Завещание начиналось словами: «Долг правителя провинции – обеспечивать мир и безопасность населения, а не прославлять своих предков или обеспечивать потомков».
Одна из максим гласила: «Помните, что везение и невезение должны быть оставлены на волю небес и зависят от законов природы. Они не покупаются молитвами или хитроумными интригами, придуманными людьми или мнимым святым».
Торанага подумал и вместо «людьми или мнимым святым» написал «людьми, какими бы они ни были».
Обычно он радовался, заставляя себя облекать мысли в ясные и короткие формулы, но в последние дни и ночи все его самообладание уходило на то, чтобы играть столь несвойственную ему роль. То, что это ему удавалось, радовало, но и пугало: как люди могут быть столь доверчивы?

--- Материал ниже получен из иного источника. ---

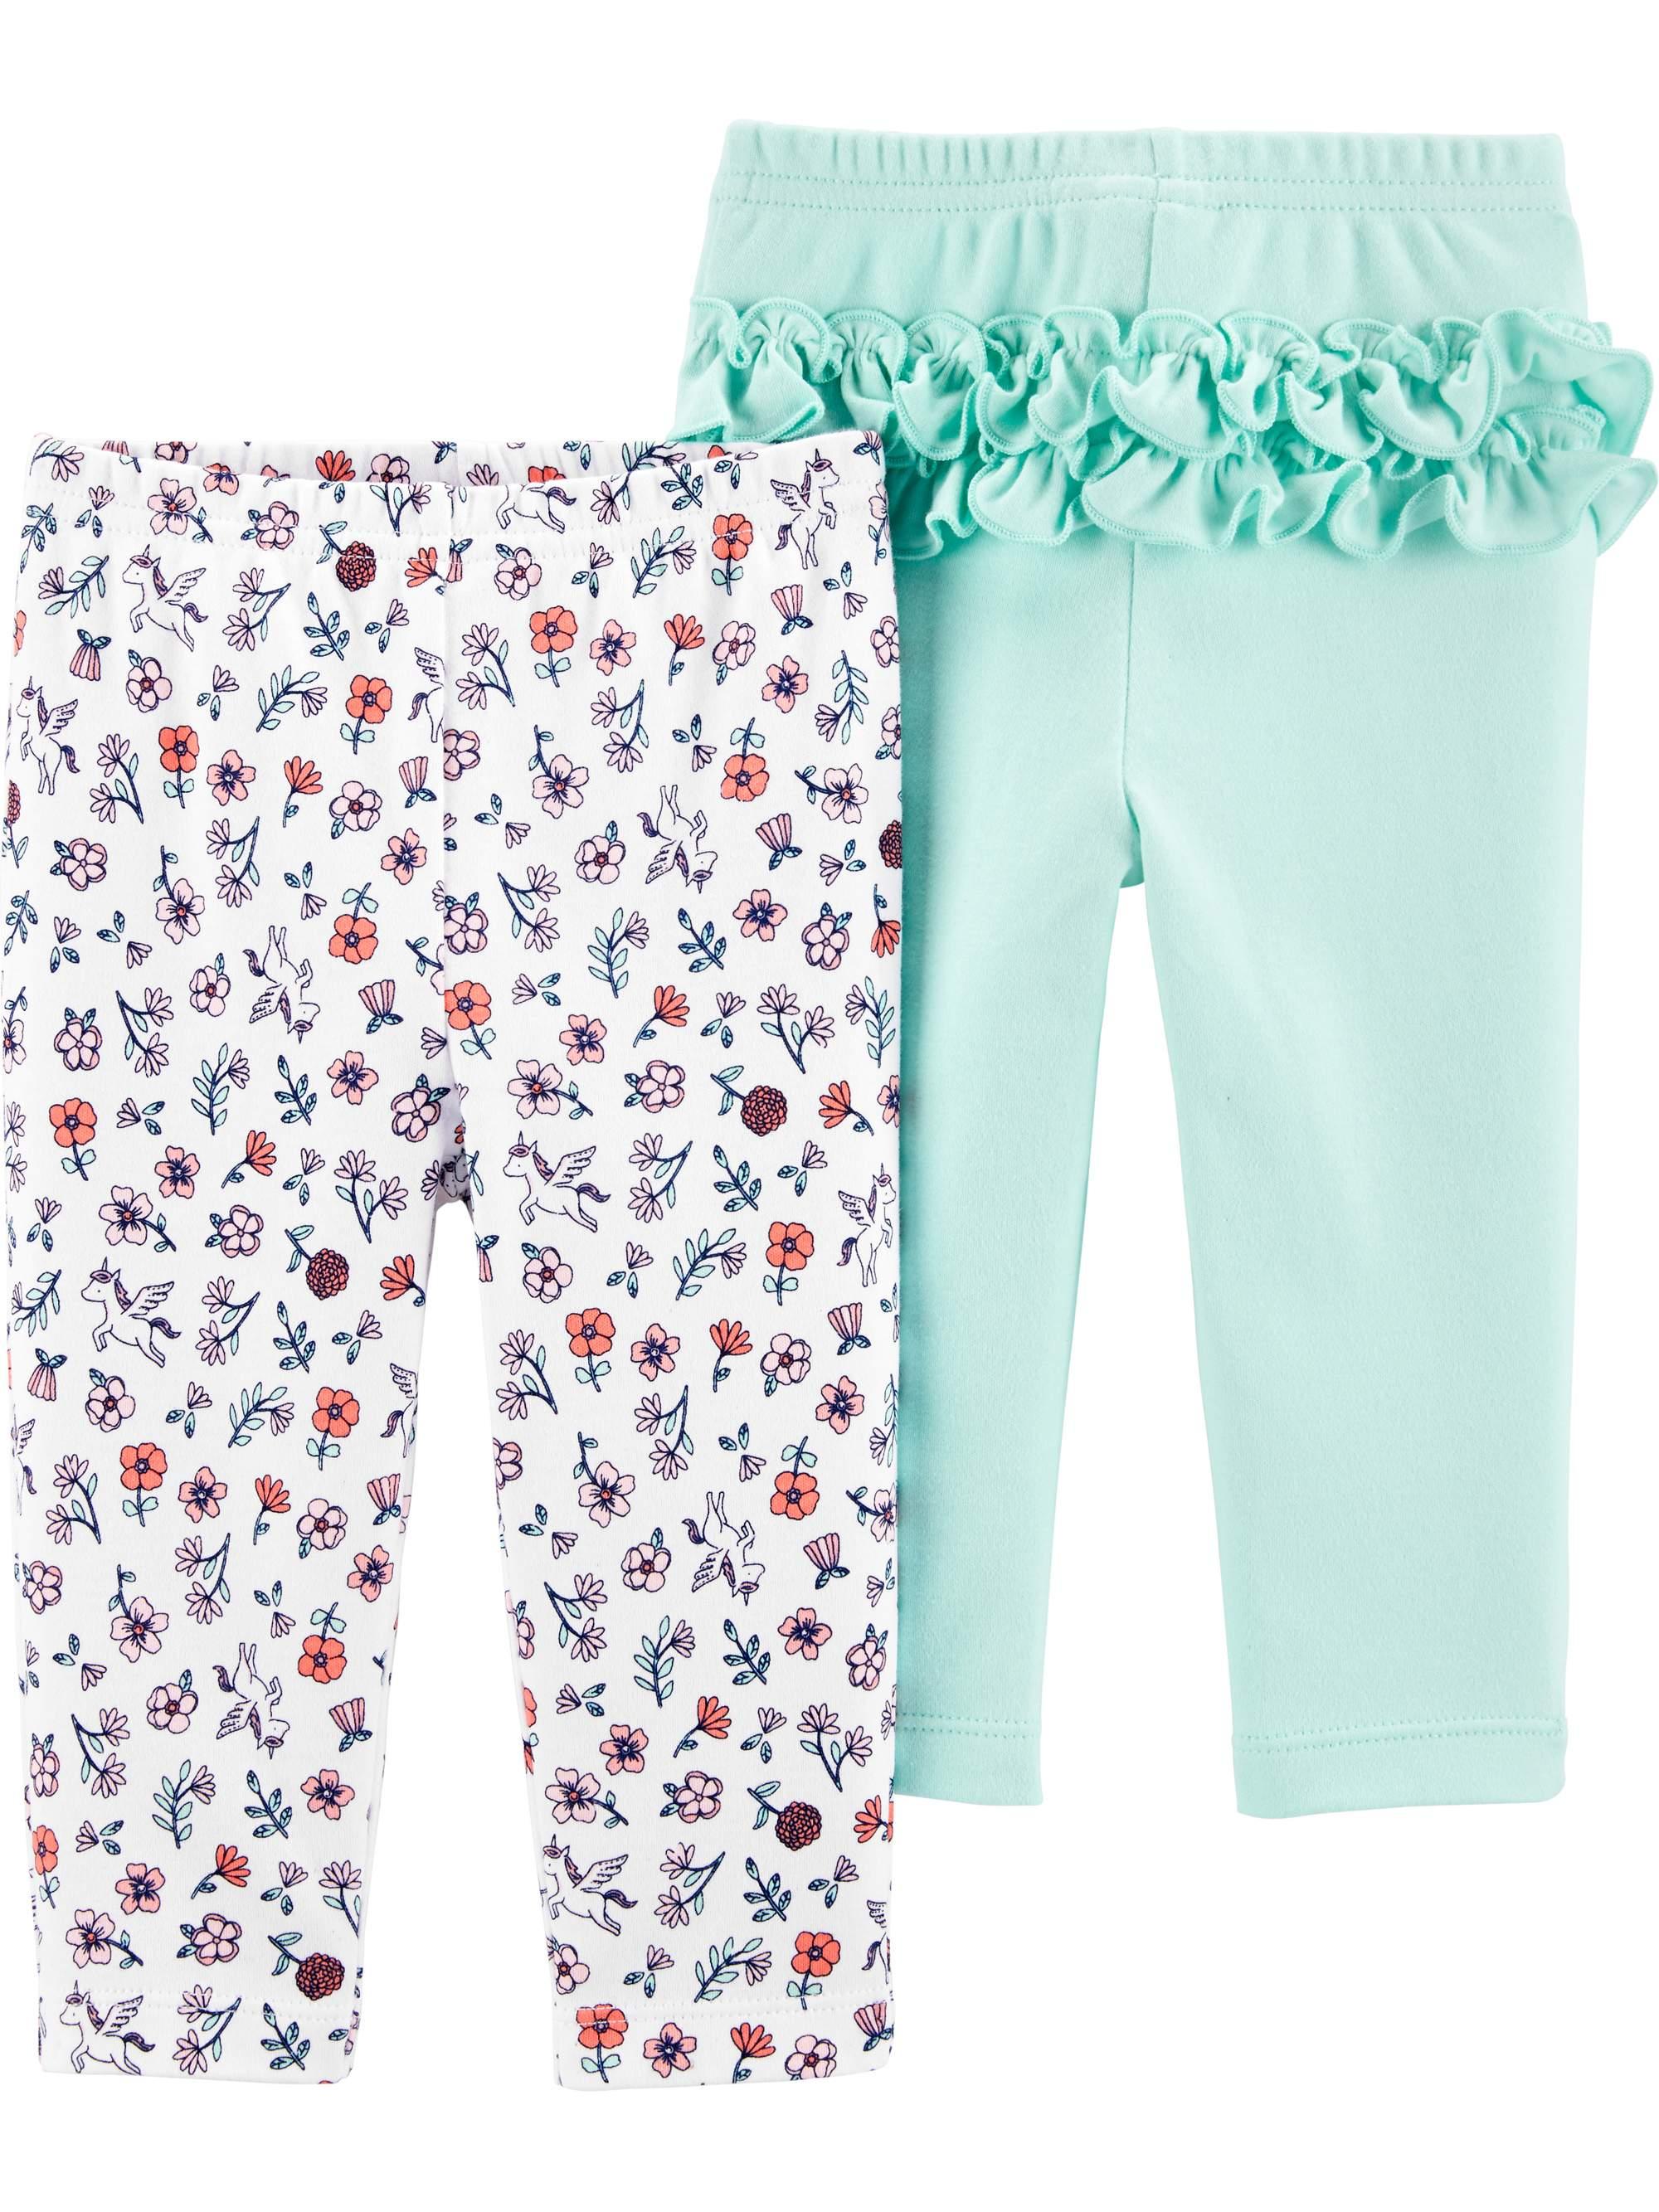 Long Leg Pant, 2 pack (Baby Girls)

«Слава богам, что это так, – ответил он сам себе в миллионный раз. – Приняв „поражение“, ты дважды избежал войны. Ты все еще в ловушке, но теперь твое терпение принесло плоды и у тебя появился новый шанс.
Нет, возможно, появится шанс, – поправил он себя. – Если только все это правда, если эти секреты не подсунул враг, чтобы совсем тебя запутать».
Боль в груди, слабость и головокружение обрушились на него неожиданно – пришлось сесть и глубоко дышать, как много лет назад показали ему учителя дзен: «Десять глубоких вдохов, десять медленных поверхностных, погрузи свой разум в пустоту… Там нет прошлого и будущего, тепла и холода, боли и радости – из ничего в ничто…» Скоро ясность мысли вернулась к нему. Тогда он встал, подошел к столу и взялся за письмо. Он просил мать выступить посредницей между ним и сводным братом и представить ему предложения о будущем клана. Первая просьба, с которой он обращался к брату, – подумать о женитьбе на госпоже Осибе:
«…Конечно, с моей стороны это неразумно, брат. Многих даймё разъярят мои „возмутительные амбиции“. Но такая связь с Вами упрочит мир в государстве и подтвердит наследование Яэмона – в Вашей лояльности никто не сомневается, хотя некоторые ошибочно ставят под сомнение мою. Вы, несомненно, можете взять и более подходящую жену, но госпоже Осибе вряд ли удастся найти лучшего мужа. После того как будут убраны все изменившие Его Императорскому Величеству, я снова займу свое законное место главы Совета регентов. Тогда я попрошу Сына Неба потребовать этого брака, если Вы согласитесь нести такую ношу. Я всей душой чувствую, что подобная жертва – единственный путь, которым мы можем обеспечить продолжение нашей династии и выполнить наш долг перед тайко. Это первое. Во-вторых, Вам предлагаются все земли христиан-изменников Киямы и Оноси. В настоящее время они вместе с иностранными священниками замышляют предательскую войну против всех даймё-нехристиан; война будет поддержана вторжением вооруженных мушкетами чужеземцев – подобные замыслы уже вынашивались против нашего сюзерена, тайко. Далее, Вам предлагаются все земли других христиан острова Кюсю, которые встанут на сторону изменника Исидо в последней битве со мной. (Известно
И взамен всего этого, брат, мне нужны тайный договор о союзничестве сейчас, обеспечивающий безопасный проход моих армий через горы Синано, и совместное выступление под моим руководством против Исидо – выбор времени и образа действий остается за мной.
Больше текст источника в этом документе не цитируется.